Nun ist es nicht so, dass ein Filter das Wasser (wie allgemein angenommen) säubert, sondern hier wird diese Funktion von besonderen 
Bakterienübernommen, die im Filter leben. Einige davon verrichten ihr  Werk unter Einbeziehung von Sauerstoff, andere unter Ausschluss von 
Sauerstoff. Der Filter mit integrierter Pumpeneinheit bietet also nur die notwendige Lebensgrundlage, damit diese Bakterien überleben können. 

Wasser wird durch verschiedene Filtermedien gepumpt und hier von den dort ansässigen (sessil) Bakterien seiner Schadstoffe entledigt. Das einströmende Wasser gelangt gereinigt zurück ins Aquarium und simuliert eine Strömung, die dadurch für eine Wasserbewegung 
und somit wieder für eine Sauerstoffanreicherung sorgt. 

Natürlich sind die Vorgänge wesentlich komplexer, aber man kann sich einen Aquarienfilter als "Miniklärwerk" im Wohnzimmer vorstellen. 

Außenfilter sind für größere Aquarien vorzuziehen, da sie deutlich mehr Abbauleistung an Schadstoffen realisieren können. 

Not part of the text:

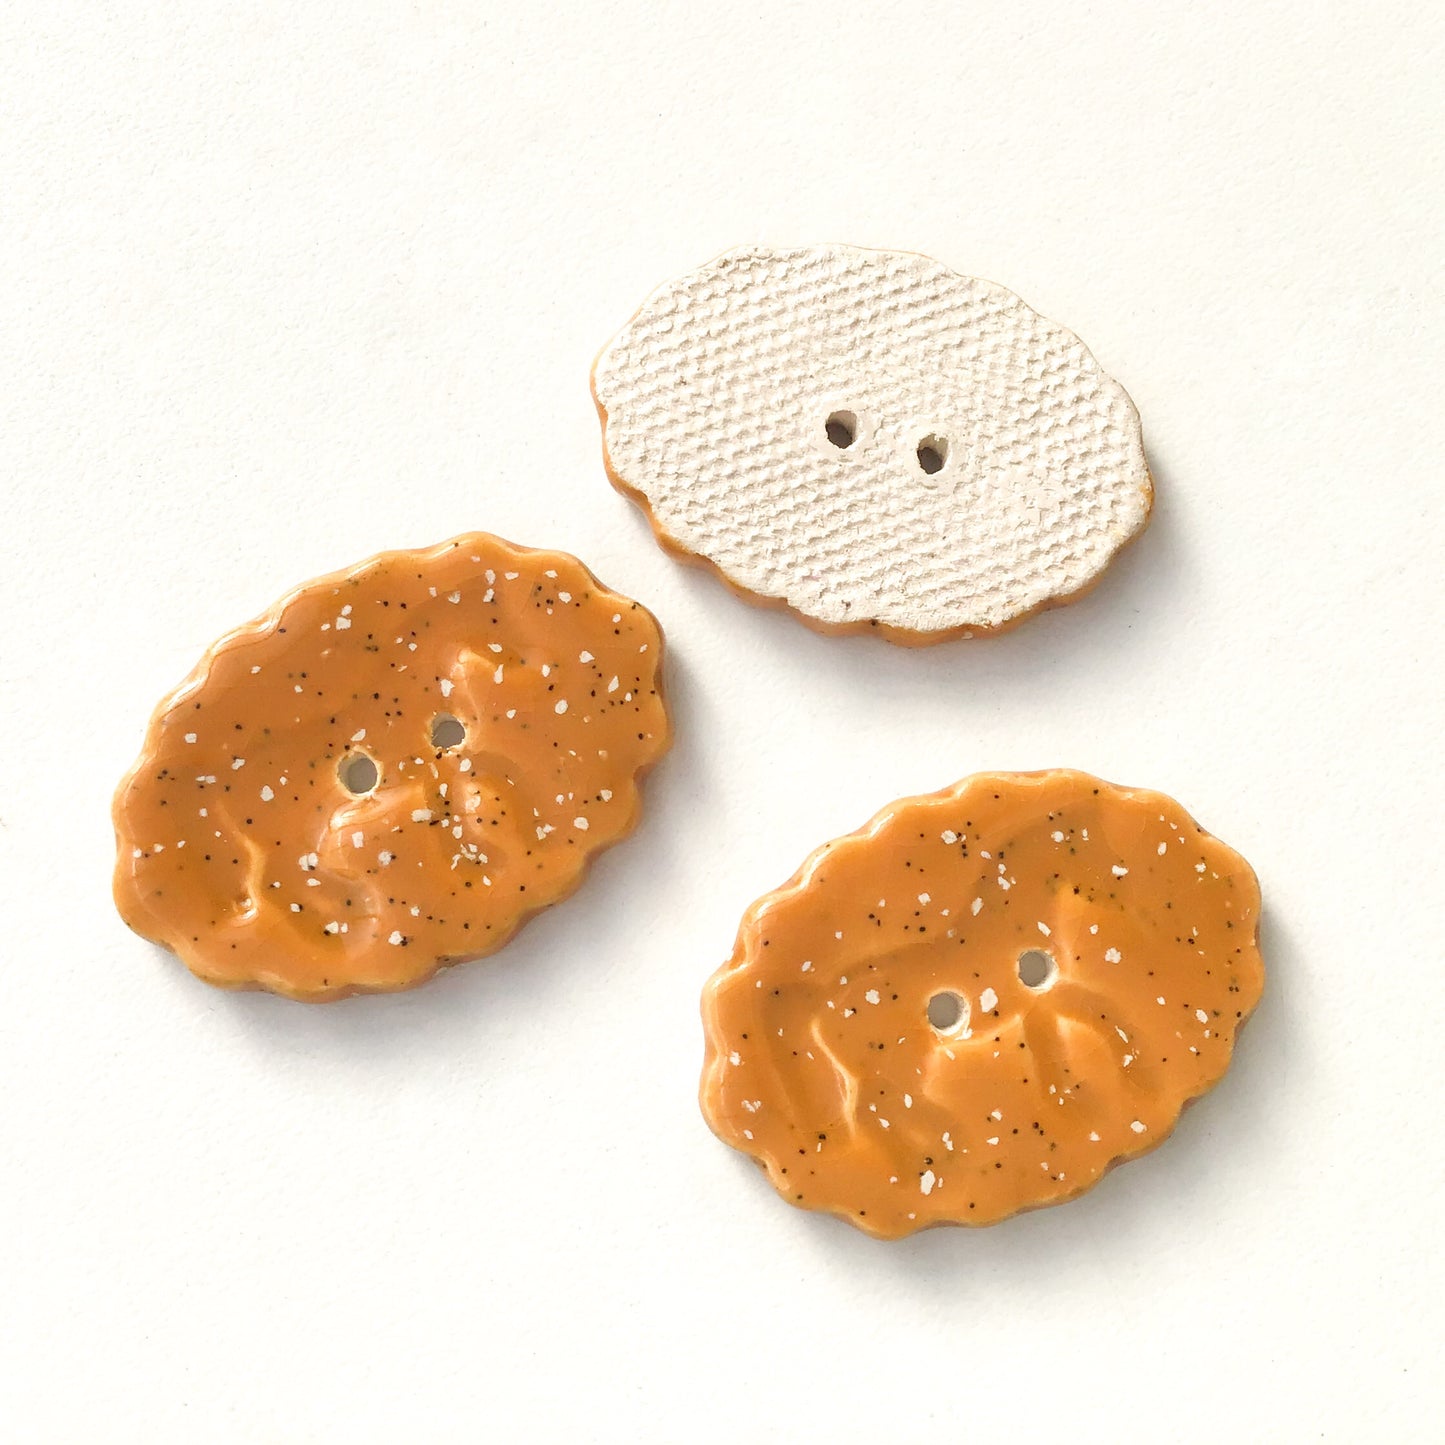 Speckled Brown Horse Buttons - Large Scalloped Clay Button - 1" x 1 3/8"

Außenfilter »professionel 3e« für Aquarien bis ca. 400 laquael-aquarium-innenfilter-uni-1000-(1000-l-h).jpg

Heizstab

Zum Erwärmen des Aquarienwassers werden in der Regel sogenannte Stabheizer benutzt. Diese Geräte sind darauf ausgelegt, ihre eingestellte Temperatur ans Wasser abzugeben und dieses so auf die für Lebewesen erforderliche Temperatur zu bringen und zu halten. Der Vorteil eines Heizstabes liegt in seiner kostengünstigen Anschaffung. Qualitativ hochwertige Modelle sind ab € 20.- aufwärts zu erwerben.

Als Faustregel für die Heizleistung eines Heizstabes gelten 0,5 Watt je Liter. Für ein 200 Liter Aquarium würde man also im Idealfall einen 100 Watt-Heizstab benutzen. 

Leider birgt dieses Gerät aber auch einige Nachteile, die trotz vorsichtiger Anwendung immer wieder zu Unfällen führen. Die unmittelbare Oberfläche des Heizstabes ist extrem heiß. Für Fische bedeutet es  Verbrennungsgefahr. Neuere Geräte kommen hier mit einer Art "Schutzkäfig" daher, um diesem Problem entgegen zu wirken. Eine  weitere Gefahr ist das Platzen des Glaskolbens beim Wasserwechsel, sofern man vergisst, den Stecker vom Netz zu nehmen. 

Das Gerät überhitzt, wenn es nicht mehr von außen mit Wasser gekühlt  wird und das Glas platzt, nachdem es wieder mit dem kühleren, neu aufgefüllten Wasser in Berührung kommt. Im günstigsten Falle hat der Aquarianer einen defekten Heizstab mit Glassplittern im Aquarium. 

Im wesentlich gefährlicherem Falle kommt es zu einem Zusammentreffen von Wasser mit Strom! Sollte die Sicherung nun noch nicht eingesetzt und den Strom abgestellt haben, steht das Aquarienwasser unter Strom! Man kann sich die Gefahr für Leib und Leben vorstellen. 

Die Bodenheizung

Eine Bodenheizung ist im Prinzip das, was sich mancher in sein Haus einbaut. Die Wärme wird über die gesamte Fläche verteilt gleichmäßig ans Wasser abgegeben. Dadurch erreicht man eine wesentlich genauere Wassertemperatur, gepaart mit einer kürzeren Heizperiode. 

Funktionsweise: Mittels eines Heizkabels, das am Aquarienboden mit Saugnäpfen fixiert und dann in Schleifen verlegt mit Bodengrund überdeckt wird, wird Wärme durch den Boden ans Wasser abgegeben. Bei den Heizspiralen handelt es sich um silikonummantelte Heizkabel im Niedervoltbetrieb. 

Der Trafo befindet sich außerhalb des Aquariums und ist mit einer zusätzlichen Schmelzsicherung versehen. Die Vorteile einer Bodenheizung sind ein eindeutig besseres Wärmeklima im Aquarium, verbessertes Pflanzenwachstum und kürzere Heizphasen. Weiterhin befinden sich keine stromführenden Teile im Aquarium. Kommt es zu einer Beschädigung des Kabels im Bodengrund, führt die Sicherung im Trafo zu einem Einstellen des Betriebs. 

Der Nachteil einer Bodenheizung liegt in ihrem höheren Anschaffungspreis begründet und hält viele Aquarianer davon ab, dieses Gerät zum Einsatz zu bringen. Gleichwohl können aber mit den handelsüblichen Bodenheizungen durchaus auch größere Aquarien betrieben werden. Erwähnenswert ist aber auch die lange Haltbarkeit einer Bodenheizung, die die Lebensdauer von Heizstäben um ein Vielfaches übertrifft.